Work to be completed »
There is material below. Print exactly the lines starting at the line with "NFO file for" and ending at the line with "Fusil à pompe", ends included, and no others.
**** Extracted information
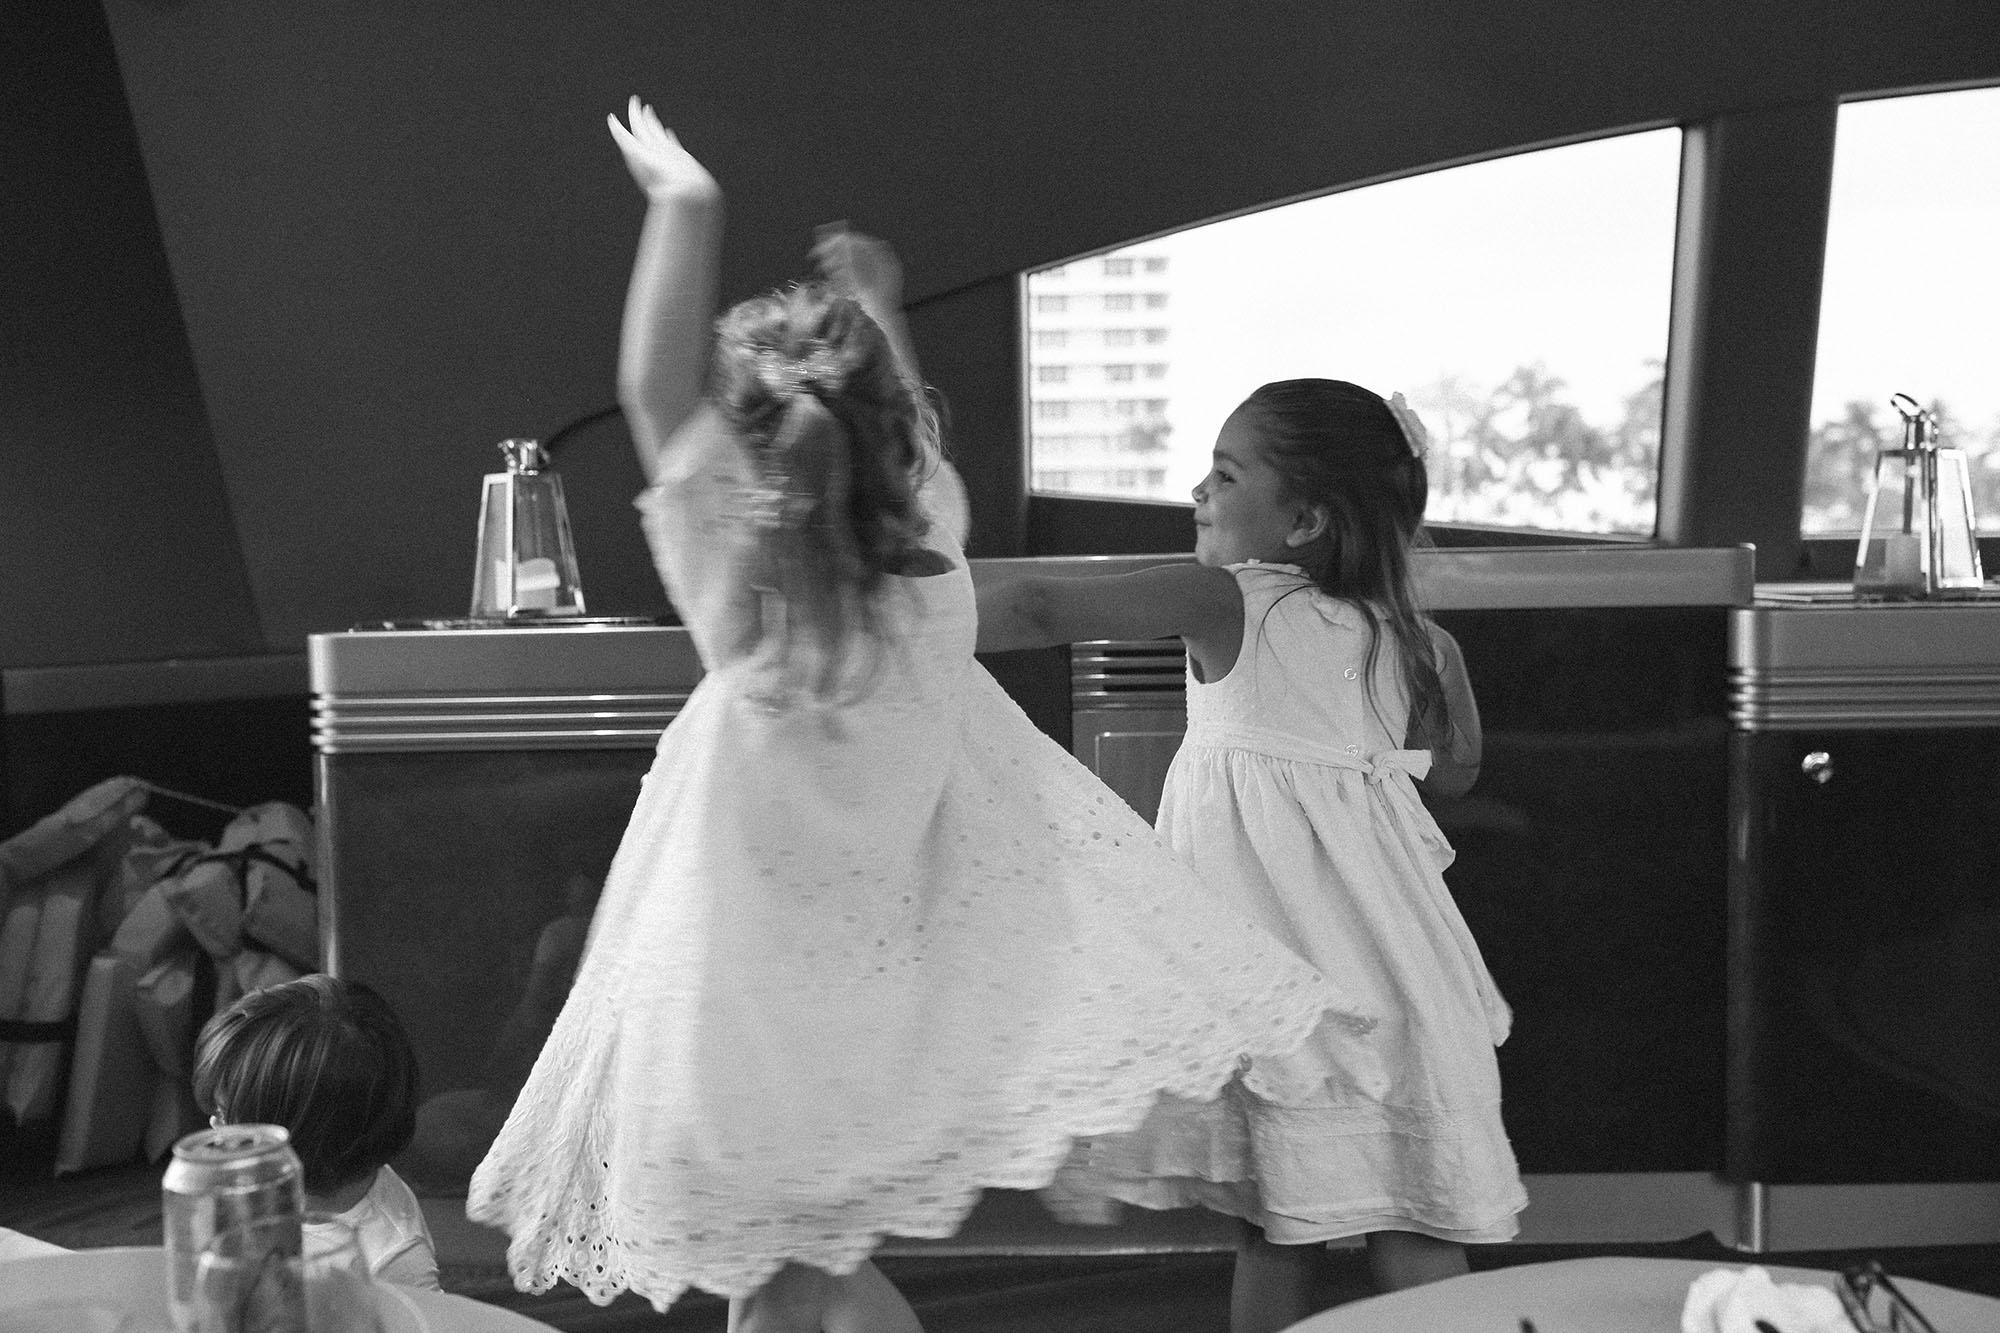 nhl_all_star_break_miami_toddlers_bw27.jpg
********
**** Extracted information
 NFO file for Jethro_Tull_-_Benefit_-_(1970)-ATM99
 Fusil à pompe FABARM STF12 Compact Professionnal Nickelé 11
********
Response »
 NFO file for Jethro_Tull_-_Benefit_-_(1970)-ATM99
 Fusil à pompe FABARM STF12 Compact Professionnal Nickelé 11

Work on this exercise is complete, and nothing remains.